Speaking of Christmas, last night was the Congressional ball, at which Trump gave a typically festive speech, calling Somalian people names, yelling at the Indiana senators who refused to vote for redistricting, and asking why we can’t have immigrants from Norway and Sweden instead of "shithole countries," but the most interesting part of his rant, and the one that is getting LOTS of attention from everybody was about Melania, who is starting some new project:

--Trump: "I just heard about that for the first time. The only thing I can tell you, I know one thing for sure, it’s going to be great for children. I don’t know what it is she’s doing. She loves children. She’s got a wonderful boy. And she’s very proud of her boy."

--Brian Tyler Cohen: "Uh, SHE’s got a wonderful boy?"
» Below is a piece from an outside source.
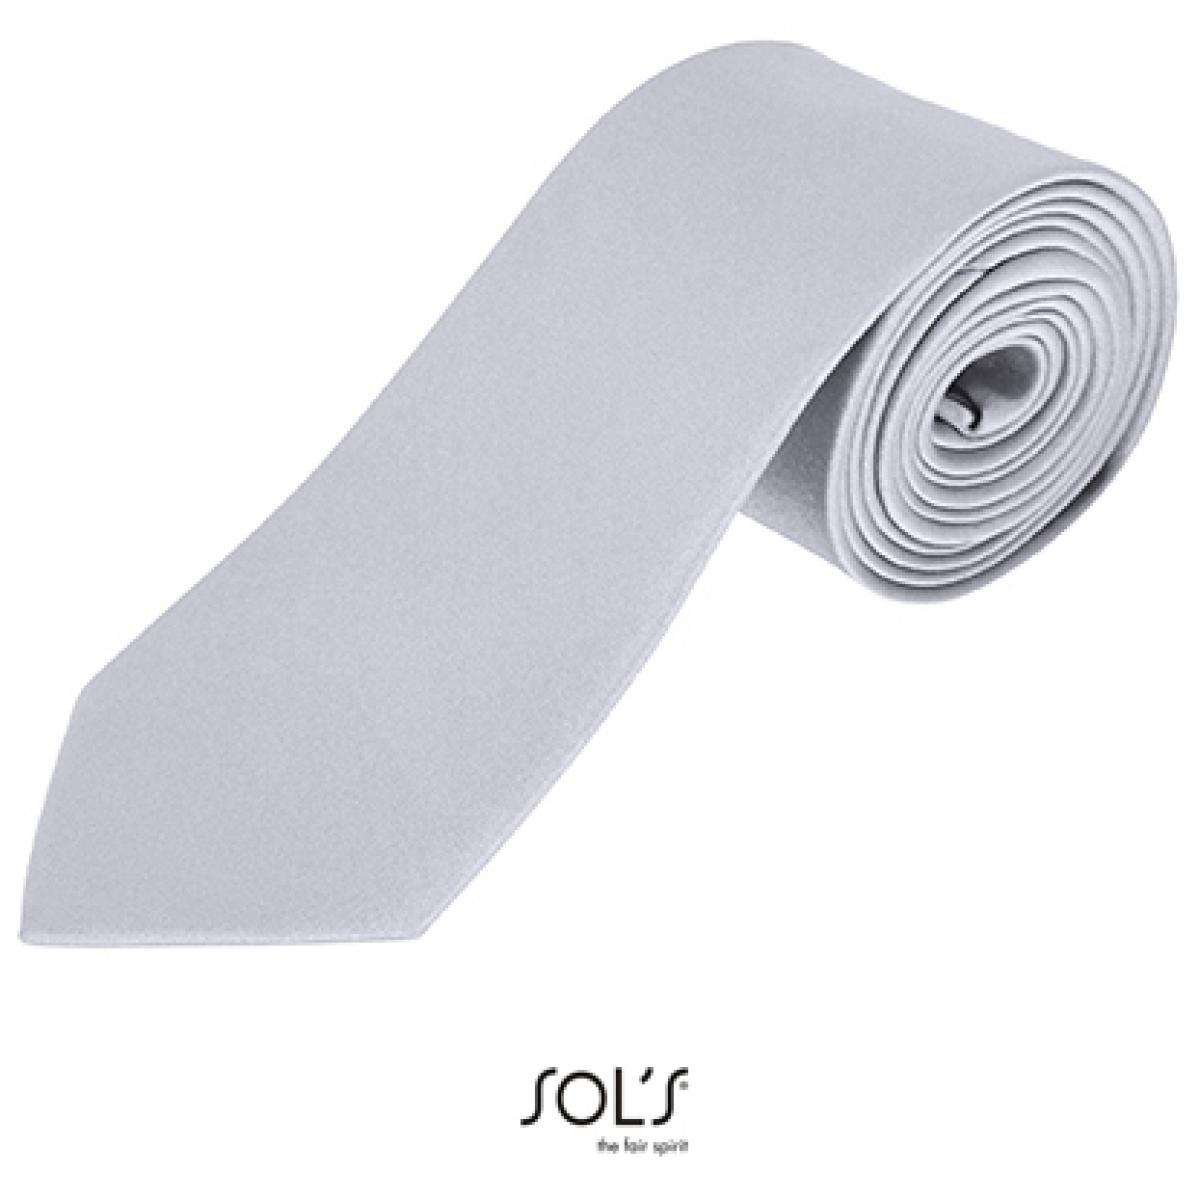 Hersteller: SOLs Herstellernummer: 02932 Artikelbezeichnung: Herren Krawatte Garner Tie - Länge: 150 cm, Breite: 7 cm" Farbe: Silver

--Dj Omega Mvp: "A pretty weird way for a dad to talk about his own son. They’re all such bizarrely monstrous people."

--Nicole Hodges: "I think we all knew he wasn’t his."

--This isn’t the first time Trump has talked about his son Barron as if he had no connection with him. He’s done it several times, including one occasion when he said, "That’s how the first lady got involved. She’s got a son."

There was also an interesting moment at the ball when Trump decided to talk about Steve Scalise’s shooting. (Doesn’t he have ANY idea what you’re supposed to talk about at a CHRISTMAS party?):

--Trump said, "His wife was devastated. She was crying. I tell the story. I found out that night you have a wife that loves you dearly. I know many wives who would not even be crying."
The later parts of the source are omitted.